Gallbladder cancer (GBC) is the fifth most common cancer of the gastrointestinal tract and one of the common malignancies that occur in the biliary tract (Misra et al. 2006; Lazcano-Ponce et al. 2001). It has a poor prognosis with survival of less than 5 years in 90% of the cases (Misra et al. 2003). The etiology is ill-defined. Several risk factors have been reported including cholelithiasis, obesity, female gender and exposure to carcinogens (Eslick 2010; Kumar et al. 2006). Poor prognosis in GBC is mainly due to late presentation of the disease and lack of reliable biomarkers for early diagnosis.

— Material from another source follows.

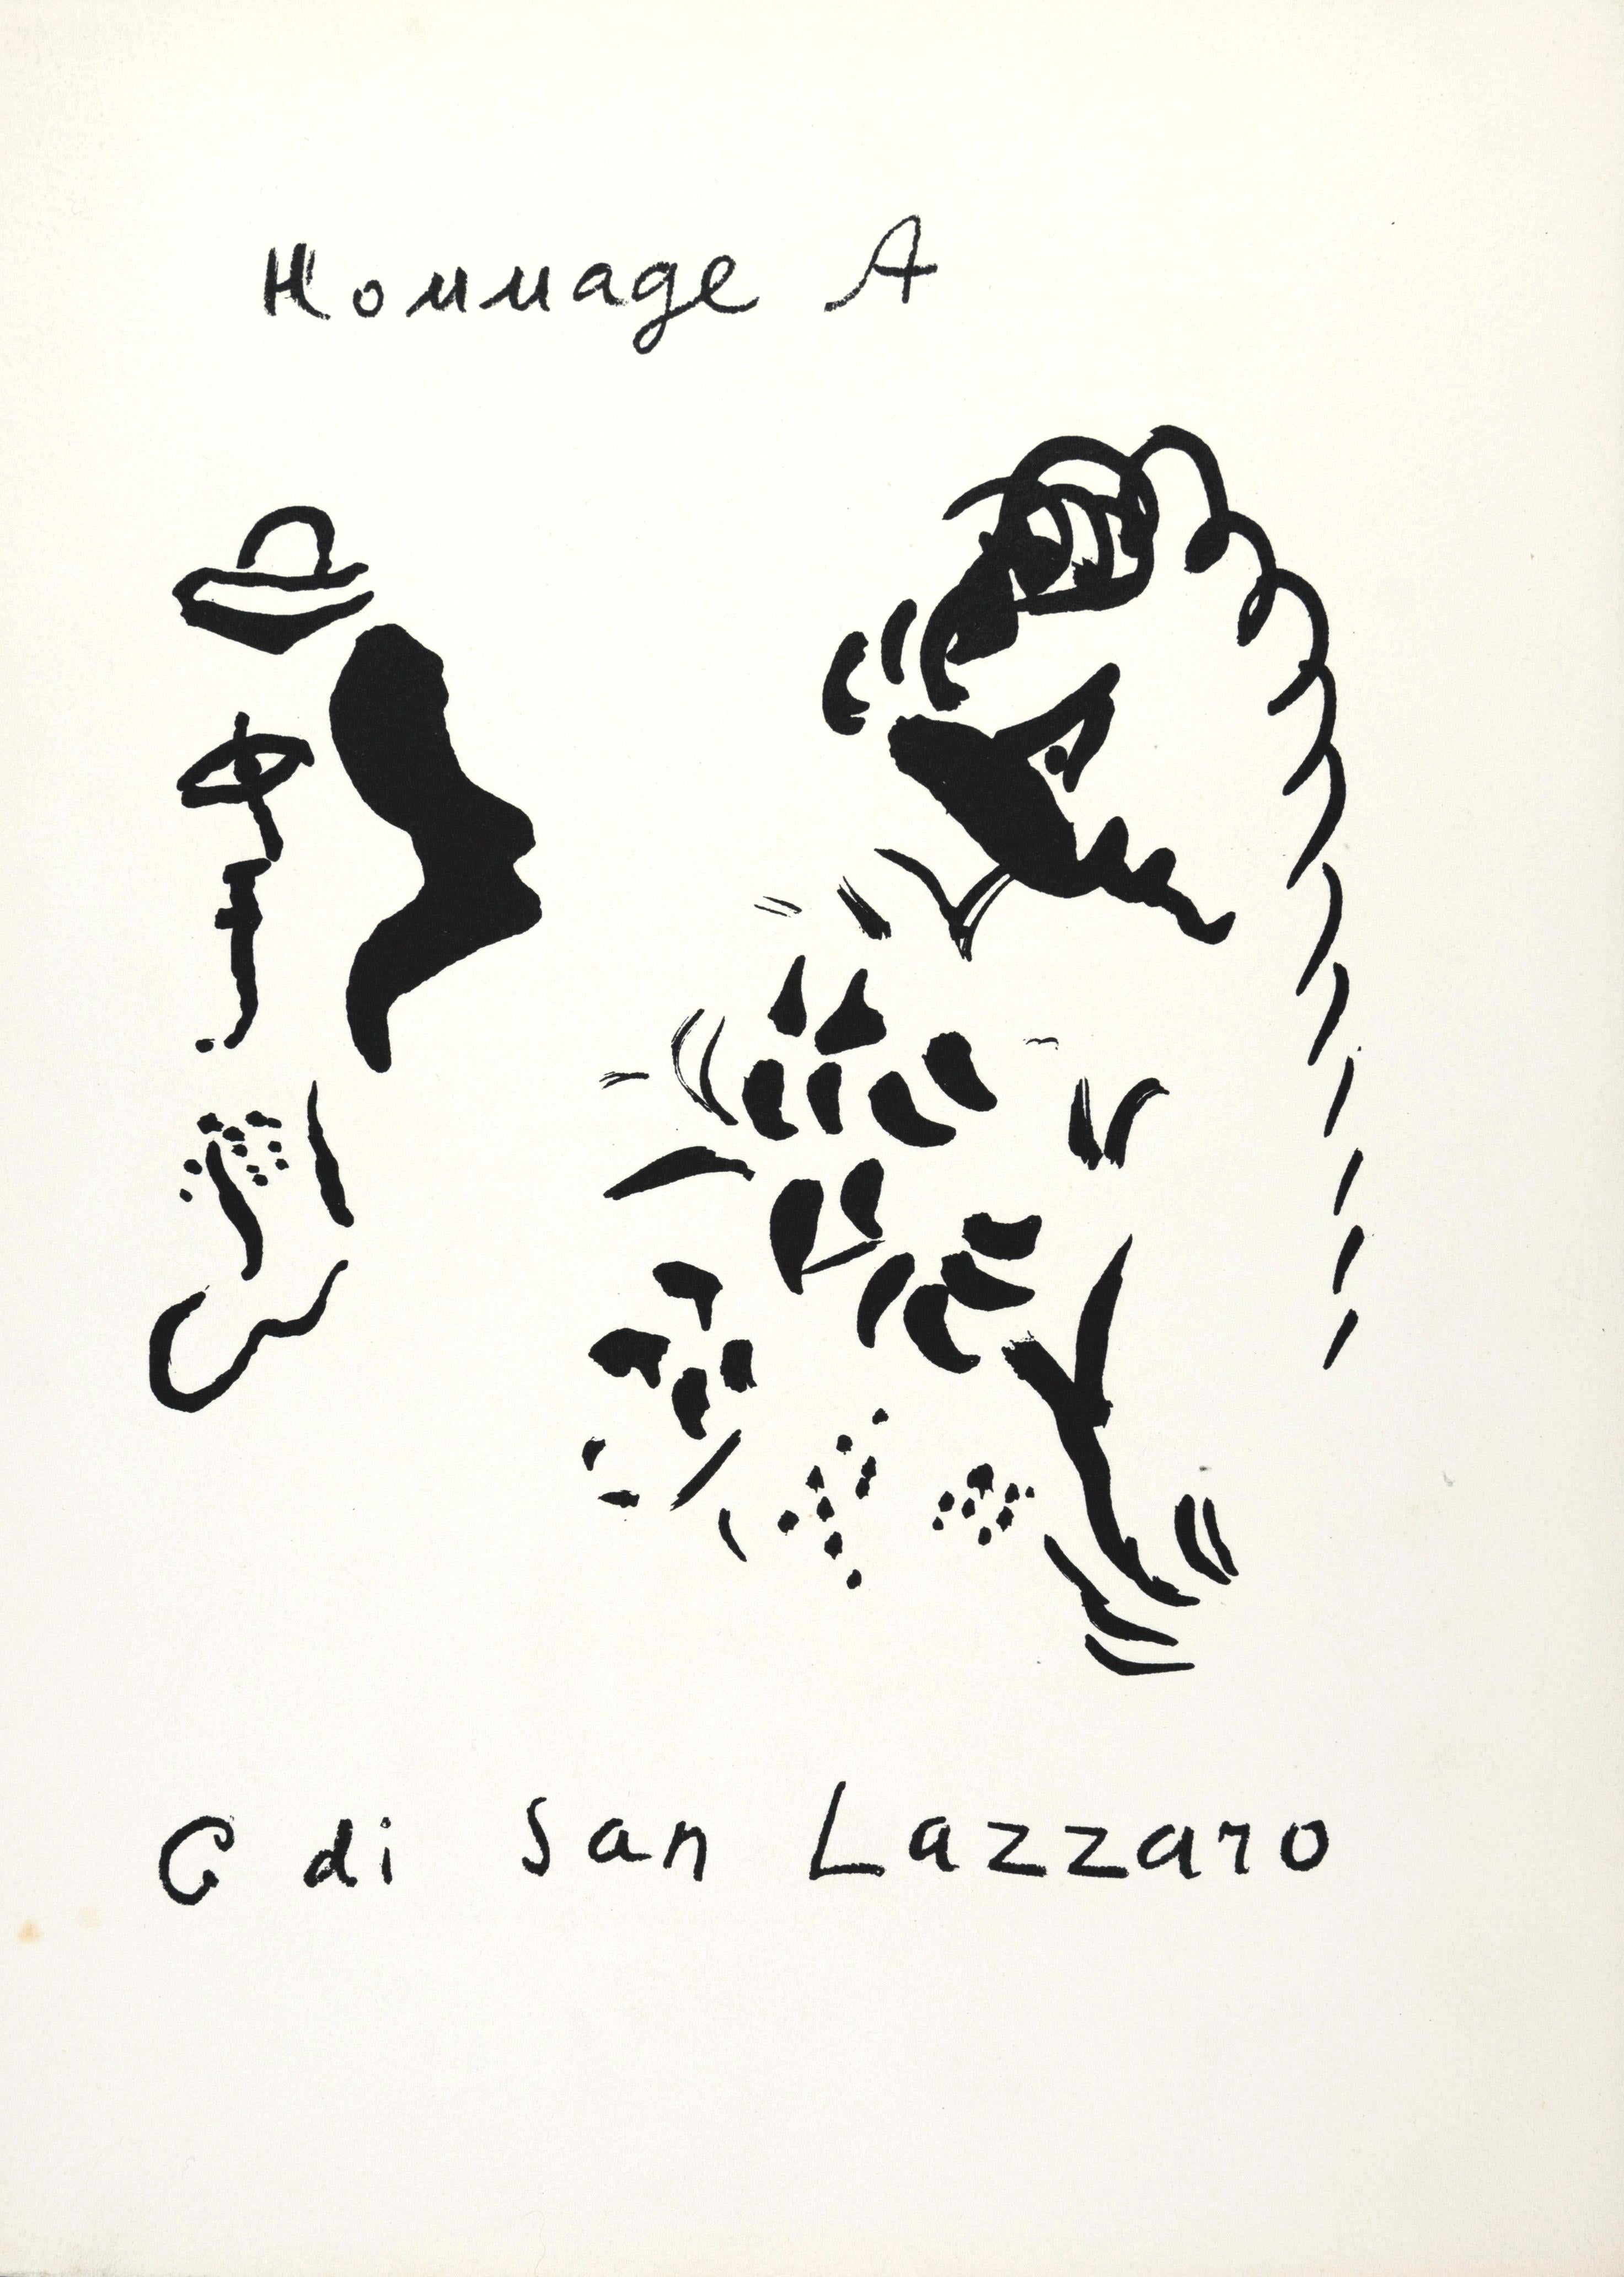 Hommage à San Lazzaro ist eine Lithographie nach Marc Chagall zu Ehren von Gualtieri di San Lazzaro, Direktor der Kunstzeitschrift "Xème Siècle".

Dieser Druck (nicht signiert und nicht nummeriert) stammt aus der Mappe "Hommage à San Lazzaro", die

This emphasizes the need to identify and characterize cancer biomarkers to aid in the diagnosis and prognosis of GBC. Secreted proteins are an important class of molecules which can be detected in body fluids and has been targeted for biomarker discovery. There are challenges faced in the proteomic interrogation of body fluids especially plasma such as low abundance of tumor secreted proteins, high complexity and high abundance of other proteins that are not released by the tumor cells (Tonack et al. 2009). Profiling of conditioned media from the cancer cell lines can be used as an alternate means to identify secreted proteins from tumor cells (Kashyap et al. 2010; Marimuthu et al. 2012). We analyzed the invasive property of 7 GBC cell lines (SNU-308, G-415, GB-d1, TGBC2TKB, TGBC24TKB, OCUG-1 and NOZ). Four cell lines were selected for analysis of the cancer secretome based on the invasive property of the cells. We employed isobaric tags for relative and absolute quantitation (iTRAQ) labeling technology coupled with high resolution mass spectrometry to identify and characterize secretome from the panel of 4GBC cancer cells mentioned above. In total, we have identified around 2,000 proteins of which 175 were secreted at differential abundance across all the four cell lines. This secretome analysis will act as a reservoir of candidate biomarkers. Currently, we are investigating and validating these candidate markers from GBC cell secretome. Through this study, we have shown mass spectrometry-based quantitative proteomic analysis as a robust approach to investigate secreted proteins in cancer cells.